Prove n^(1/n) tends to 1 as n tends to infinity

[heshbon]

Homework Statement

Need to prove n^(1/n) tend to 1 as n tends to infinty

Homework Equations

The Attempt at a Solution

Have tried comparing to n^(1/n)=(1+h) and using binomial series but no joy..please help

 

[HallsofIvy]

Homework Statement

Need to prove n^(1/n) tend to 1 as n tends to infinty

Homework Equations

The Attempt at a Solution

Have tried comparing to n^(1/n)=(1+h) and using binomial series but no joy..please help

The sequence $n^{1/n}$, as n goes to infinity, converges to a if the function $x^{1/x}$ converges to a as x goes to infinity.

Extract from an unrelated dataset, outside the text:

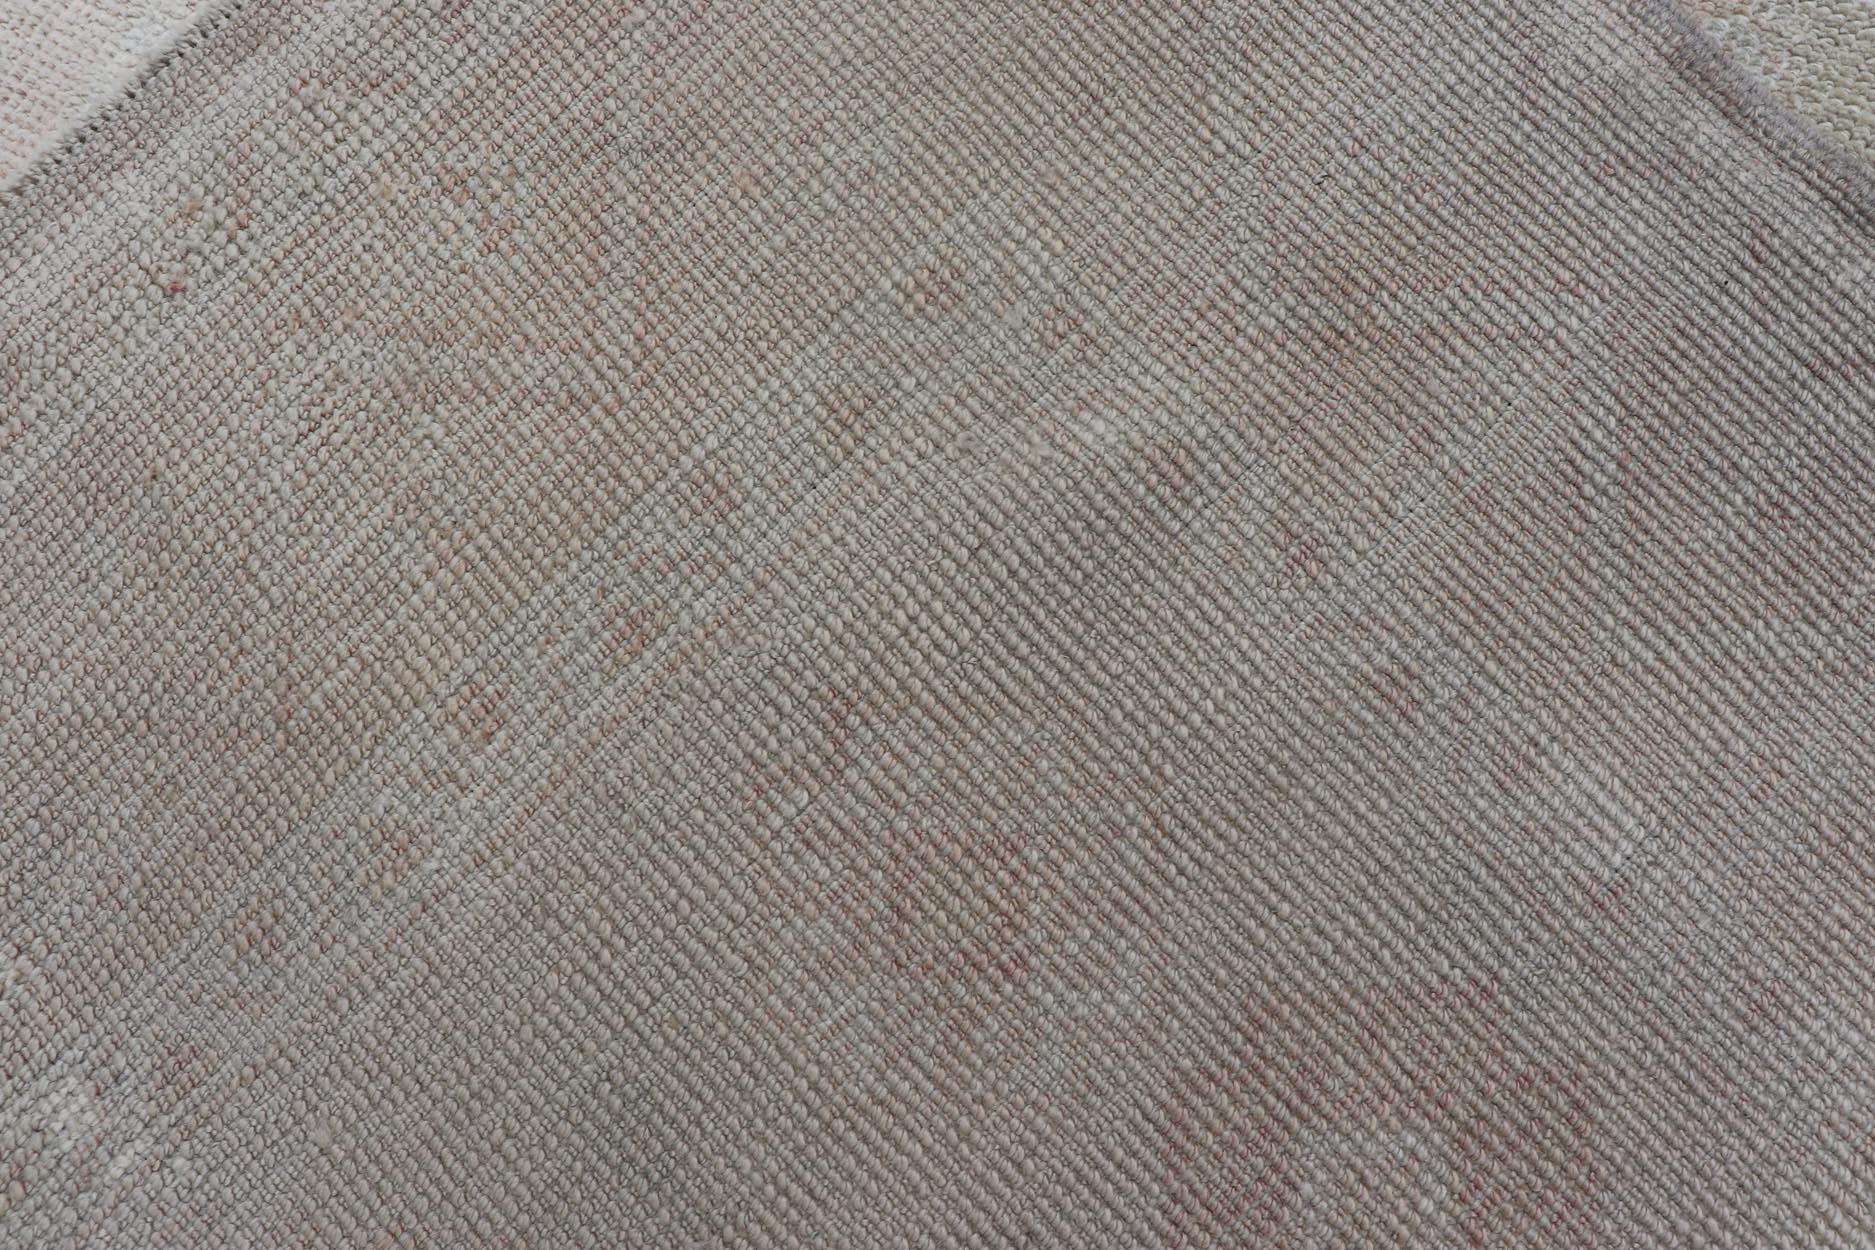 Oushak Vintage-Teppich mit Pastellfarben in Tan, Grün, Buttergelb, Rosa und Pfirsich. Keivan Woven Arts, Teppich EN-15526, Herkunftsland / Art: Türkei / Oushak, um die Mitte des 20. Jahrhunderts.

Maße: 4'6 x 6'0 

Dieser türkische Oushak-Teppich im

If we set $y= x^{1/x}$ then ln(y)= (ln x)/x which is of the "infinity/infinity" form so we can use L'Hopital's rule.

 

[Pere Callahan]

One direct method that comes to my mind is to show that for any $\varepsilon>0$ there exist N such that
$$n^{1/n}\leq 1+\varepsilon$$
(It is easy to see that
$$n^{1/n}\geq 1$$
)
for all n>N.
The first equation is equivalent to $n\leq(1+\varepsilon)^n=1+n\varepsilon+\dots$

Do you see how to choose N?

 

[heshbon]

wow..briliantly simple using l'hopital...though i have not yet come across this theorem at uni...still will impress the tutors. thanks

 

[heshbon]

I can't see how to choose N...could you give me another hint?

 

[Pere Callahan]

The first equation is equivalent to $n\leq(1+\varepsilon)^n=1+n\varepsilon+\dots$
?

I should have included the next term in the binomial expansion

$$n\leq 1+n\varepsilon+\frac{n(n-1)}{2}\varepsilon^2\Leftrightarrow \dots$$
You just have to solve this for n>... and take the next larger integer for N.